“Kulturen”
Galerie Nächst St. Stephan
The world keeps growing smaller, countries keep moving closer and closer together; once disparate cultures now overlap, influencing each other more and more. This is an ironclad fact, even if art theory still manages to sneak past a comparative investigation of the art of various cultures.
“Kulturen—Verwandtschaften in Geist und Form” (Cultures — relations in spirit and form) made an attempt to deal with the art of diverse eras and cultures within the four small rooms of this gallery. It was successful chiefly because juxtapositions defied all conventional criteria. Contemporary paintings and drawings were contrasted with Asiatic sculpture, a ceramic vessel, an ancient pre-Columbian textile, a contemporary sculpture, a hundred-year-old Haida totem pole, and a rigorously geometric piece by a contemporary North American.

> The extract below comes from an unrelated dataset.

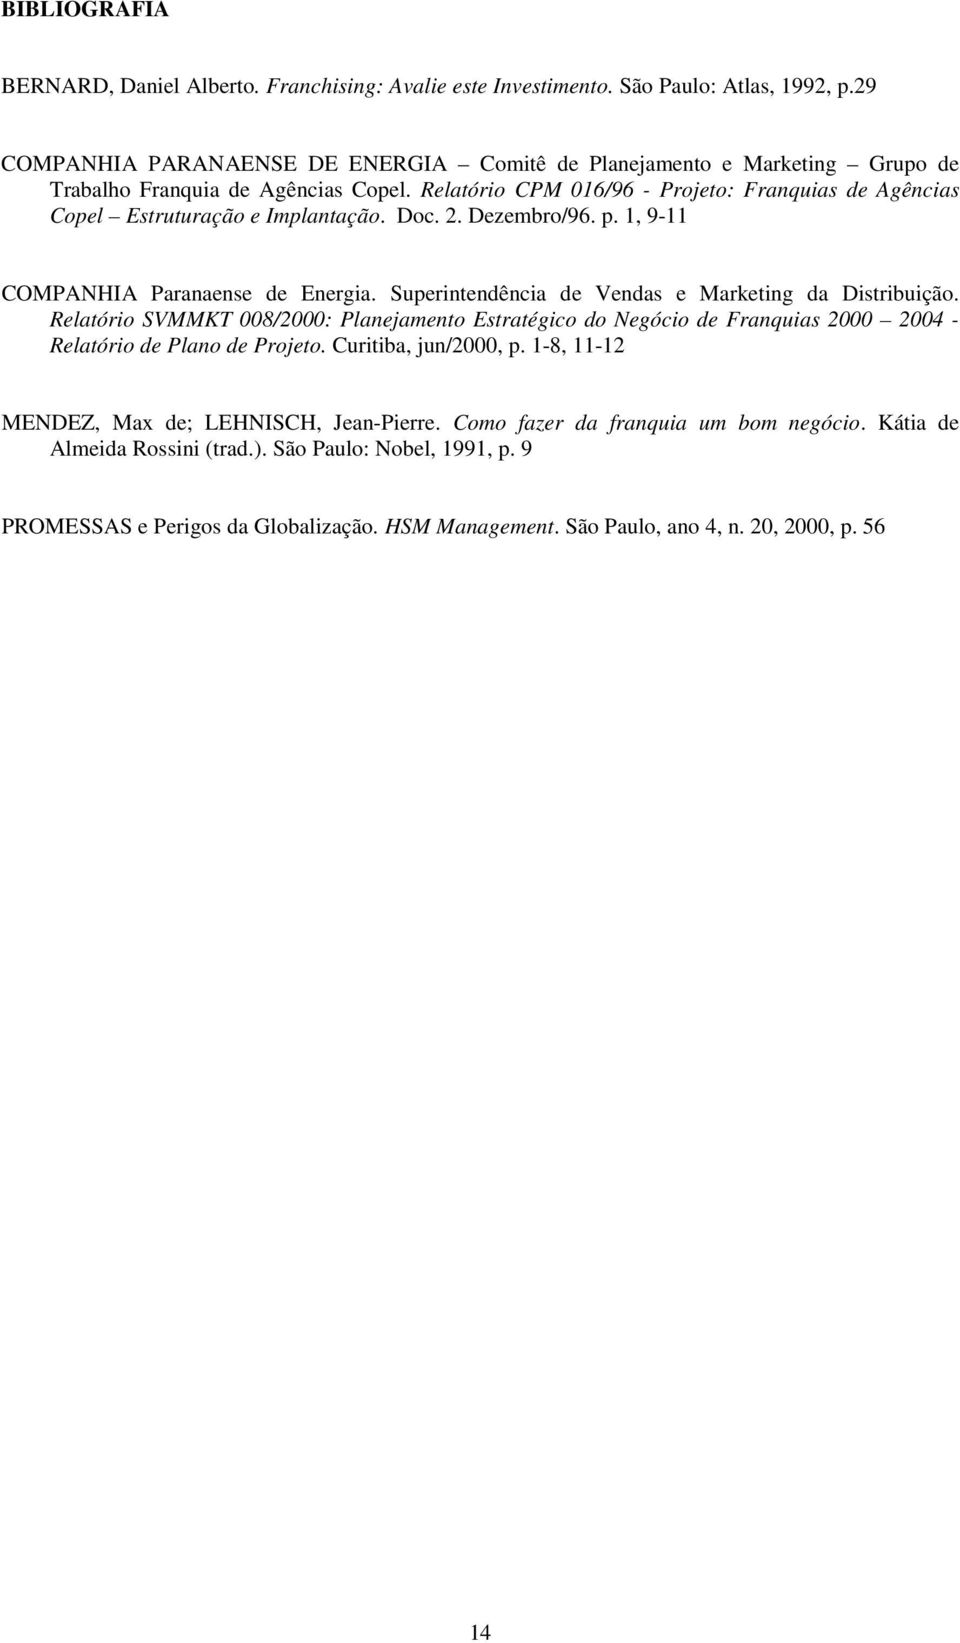 Relatório CPM 016/96 - Projeto: Franquias de Agências Copel Estruturação e Implantação. Doc. 2. Dezembro/96. p. 1, 9-11 COMPANHIA Paranaense de Energia.

There were two black, vertical strokes by Barnett Newman, with a black Buddha statue from Thailand standing in front of them. Just what do they have in common, the viewer wonders. Yet he knows, or senses, that there is something; there is a dignity inherent in both works. Joseph Beuys’ bronze Bergkönig (Mountain king, 1961), lies on the floor; on the wall behind it hangs a Peruvian textile with masklike faces that is over 1,000 years old. This time it is the sinister quality that binds these two objects together. In the next room, we see a painting by Josef Albers, a colorfully painted aluminum object by Donald Judd, and the painted totem already mentioned. Here, it is the color treatment that sparks a dialogue between these very different works.
In general, the viewer keeps discovering individual elements that pass like a thread through the exhibition; now it is the form, now the kind of line, or the colors. Turning around, he marvels at the geometric systems, which reveal similar structures—whether in a Rune Mields painting, in the decoration on a ceramic vessel, or in a textile. We see more and more relationships as well as differences, which, at every step, keep shifting and restructuring themselves, thereby helping us to unearth the familiar in the exotic and the exotic in the familiar.
Translated from the German by Joachim Neugroschel.